━━━ SOURCE MATERIAL ━━━

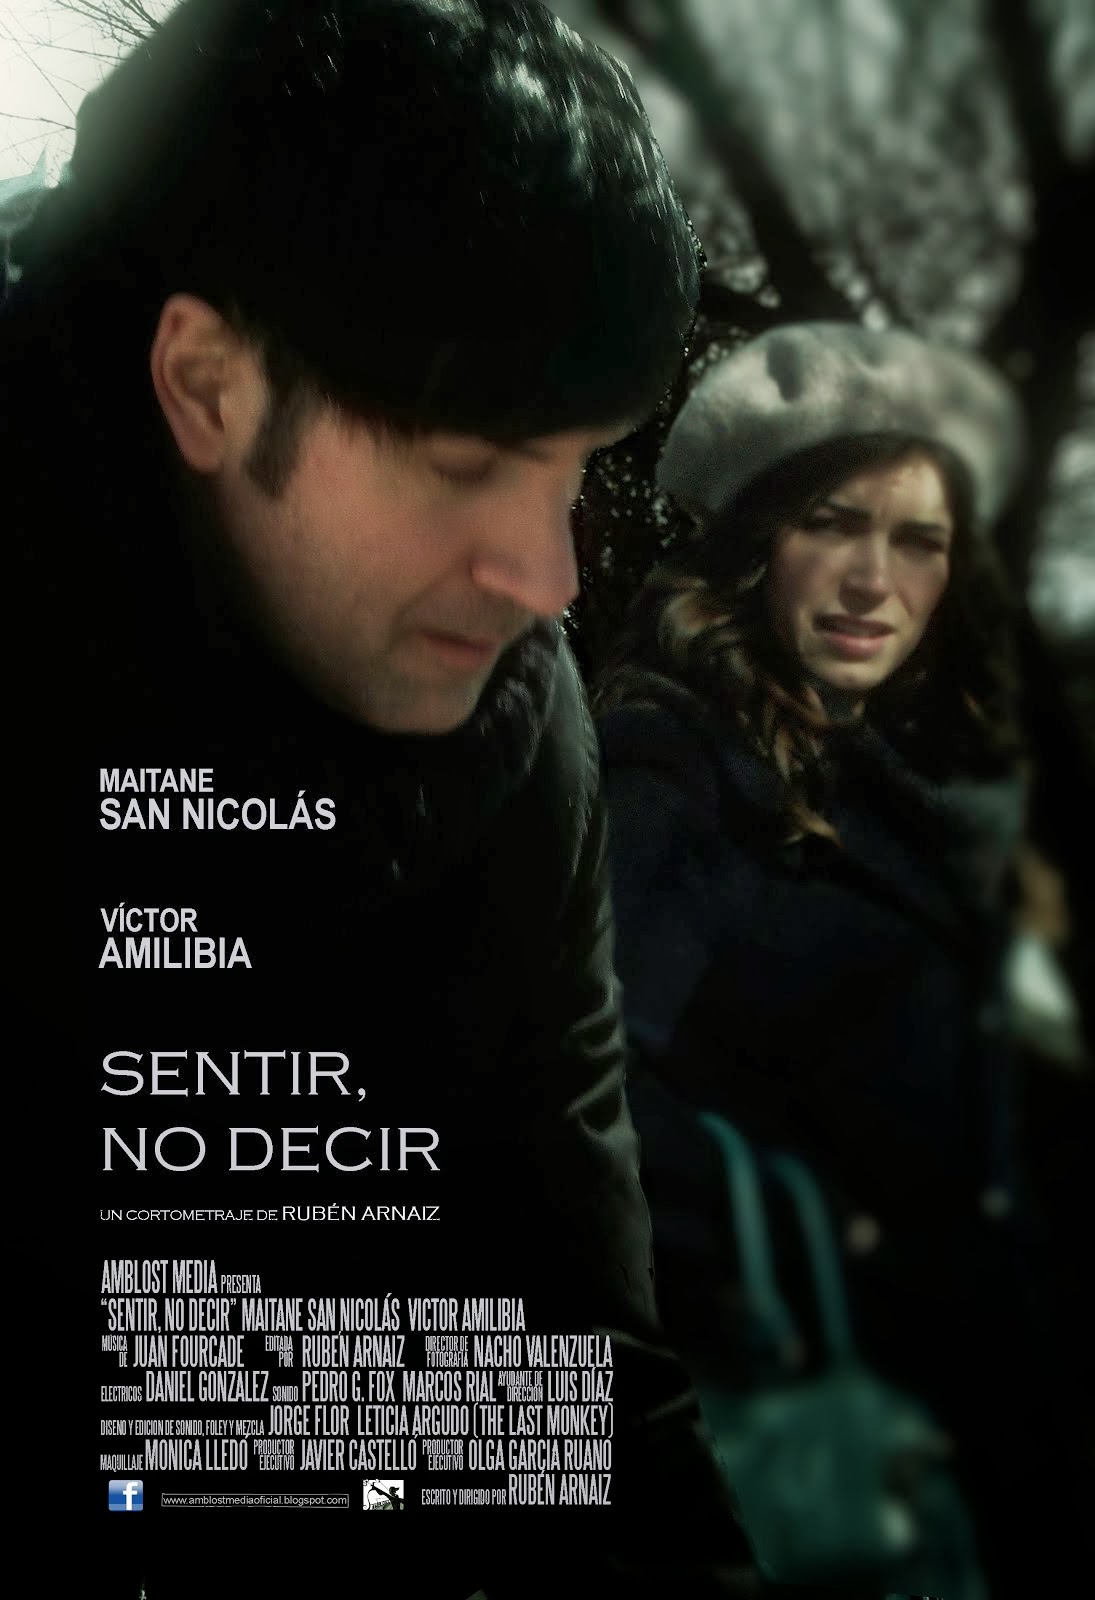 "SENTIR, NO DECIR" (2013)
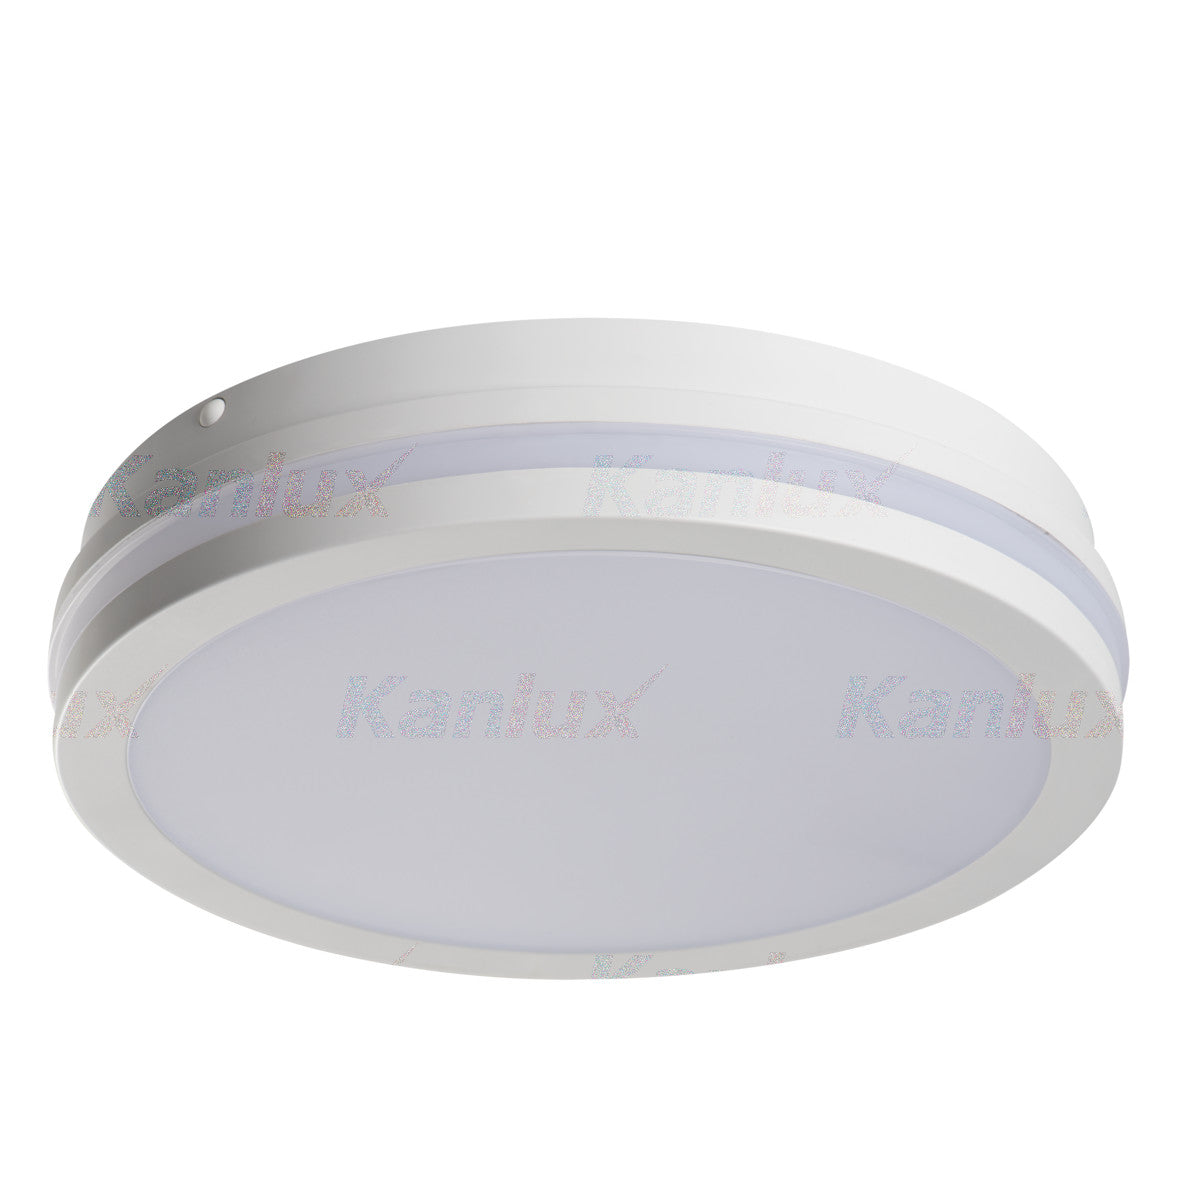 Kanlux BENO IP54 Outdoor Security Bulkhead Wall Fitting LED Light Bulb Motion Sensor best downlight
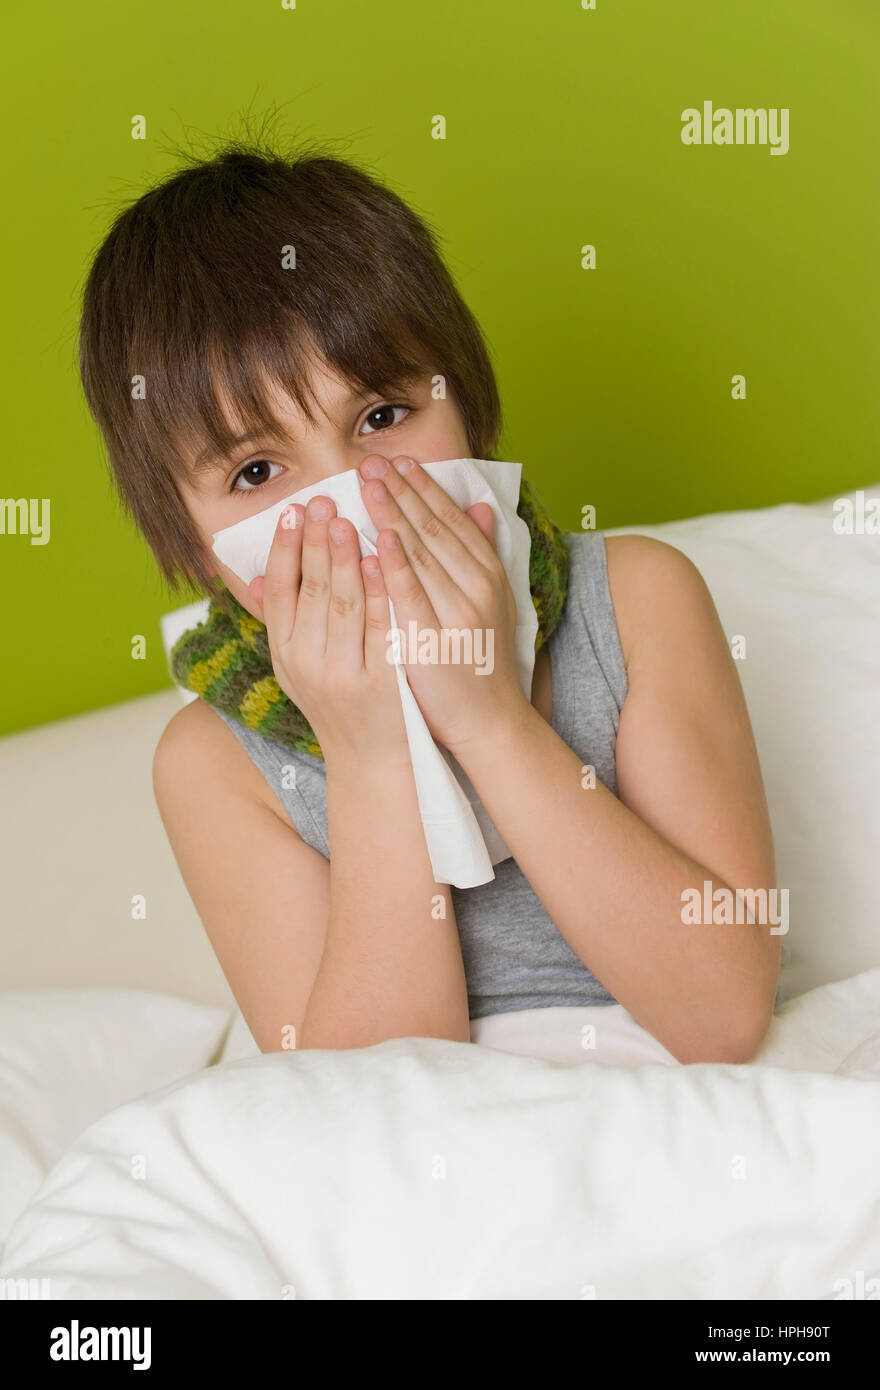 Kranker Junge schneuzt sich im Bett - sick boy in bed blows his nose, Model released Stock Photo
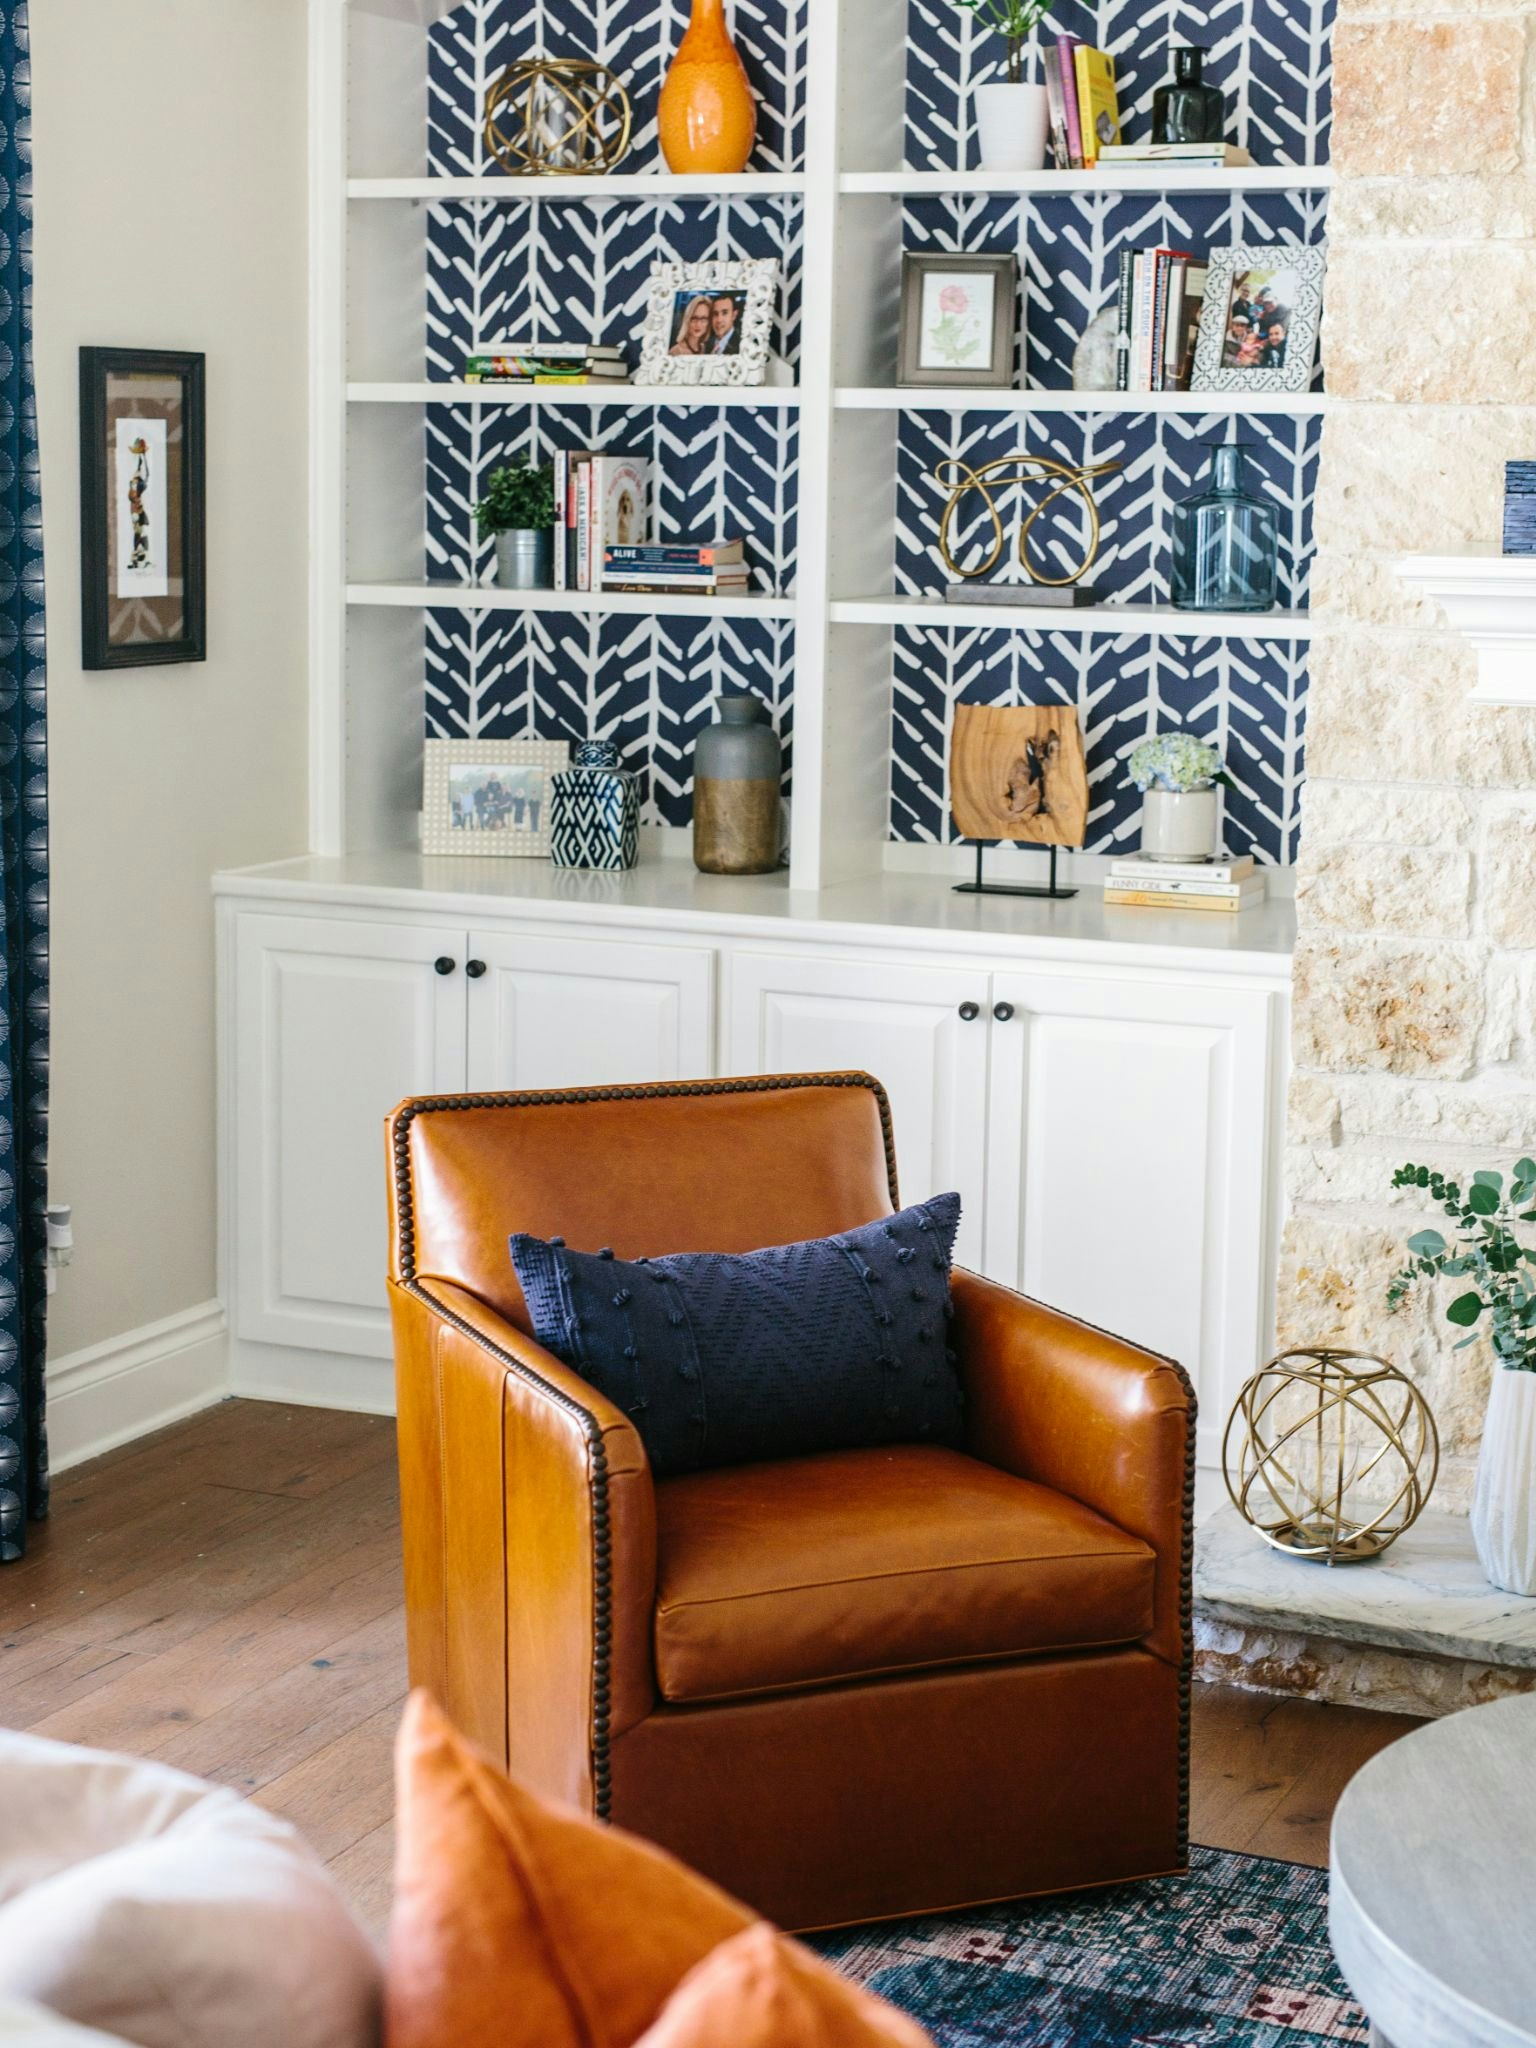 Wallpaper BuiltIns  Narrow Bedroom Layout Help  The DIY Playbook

━━━

DESCRIPTION OF THE TASK: Repeat the material above verbatim, with no pictures in the output.

ANSWER SECTION:
 "SENTIR, NO DECIR" (2013)
 Kanlux BENO IP54 Outdoor Security Bulkhead Wall Fitting LED Light Bulb Motion Sensor best downlight
 Kranker Junge schneuzt sich im Bett - sick boy in bed blows his nose, Model released Stock Photo
 Wallpaper BuiltIns  Narrow Bedroom Layout Help  The DIY Playbook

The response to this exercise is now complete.